Cloud storage certainly addresses the volume requirements since its capacity is effectively infinite, but it does not ensure easy retrieveability. Good tracking mechanisms must be set up to help guide users to the right data and to keep them from other areas where they have no reason to venture.
3. Understanding what data is saying
As has been said a thousand times: Data is not information. Data becomes information when the right people can apply the right tools to it, extract the secrets buried within, make decisions and take actions based on it. This is a point where many companies fall down. Well-designed networks supporting effective data collection can deliver pages of numbers, but individual users are left to their own devices to make sense of it.
An engineer trying to determine the optimum reaction temperature by comparing temperature curves from multiple batches against critical attributes can end up with a spreadsheet with tens of thousands of cells. With some effort, he or she can probably generate some useful graphs, but it will be tedious and time consuming. Data analytics software is available with capabilities to perform this kind of task far more easily, helping support decision making and pointing out where processes can be improved.
The ability to improve processes, even in a regulated and validated environment, is key to smart manufacturing. All the new features must work together to point at problems and inefficiencies waiting to be corrected, or at least mitigated.
Creating Return on a Smart Manufacturing Investment
It all sounds good, but what’s the financial payoff? How does this help a company improve production and reduce costs? The answers come in many forms and should not be difficult to see. Being able to draw on enough historical batch manufacturing data with sufficient detail to characterize critical product attributes can help optimize a process and increase yields. Equipment utilization can be improved when it’s easier to setup and requires less configuration.
The challenge is creating the systems necessary to make these kinds of changes possible. While the tools to create such systems have gotten better, the systems have grown more complex.
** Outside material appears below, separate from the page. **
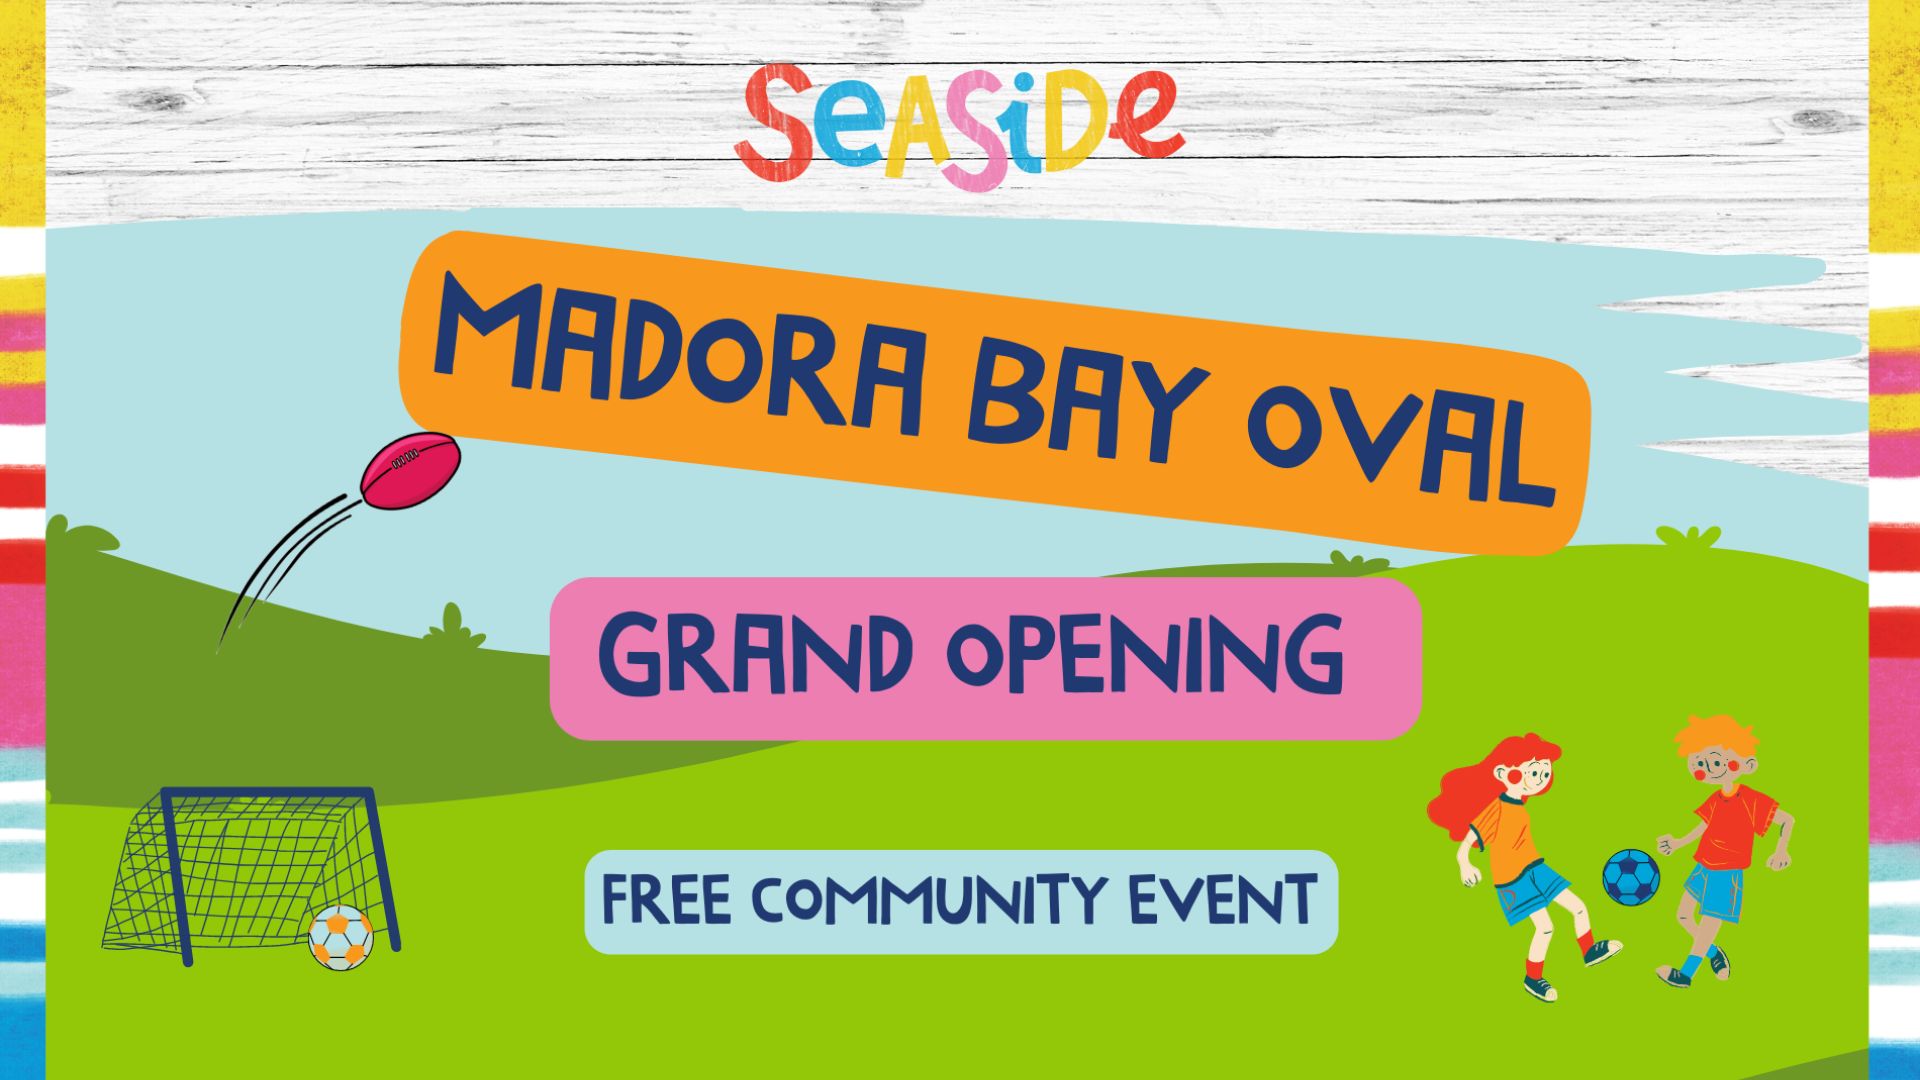 Seaside Madora Bay Grand Opening Community Event

Few companies within the world of life sciences have the inclination and internal bandwidth to implement complex networking solutions without engaging external help.
Many companies, such as a DCS vendor, can help with specific parts of the project. But trying to subdivide something this large and complex so individual sections can be given to different service providers ends up creating gaps and awkward hand-off points. Other service providers may have the know-how to create a comprehensive solution, but don’t understand the specific needs of life sciences.
A truly helpful service provider needs to bring four attributes to the table:
Thorough understanding of networking mechanics at all levels, from an individual field device to the c-suite
Experience within the world of life sciences, including all the intricacies of this heavily regulated business
Process manufacturing expertise to help unravel the complexities of plant-floor equipment and activities, and
Business sense to know how all these elements affect the bottom line in the complex world of life sciences.
When all these elements come together in close partnership between the client company and the service provider, smart manufacturing becomes an effective tool to deliver the desired ROI.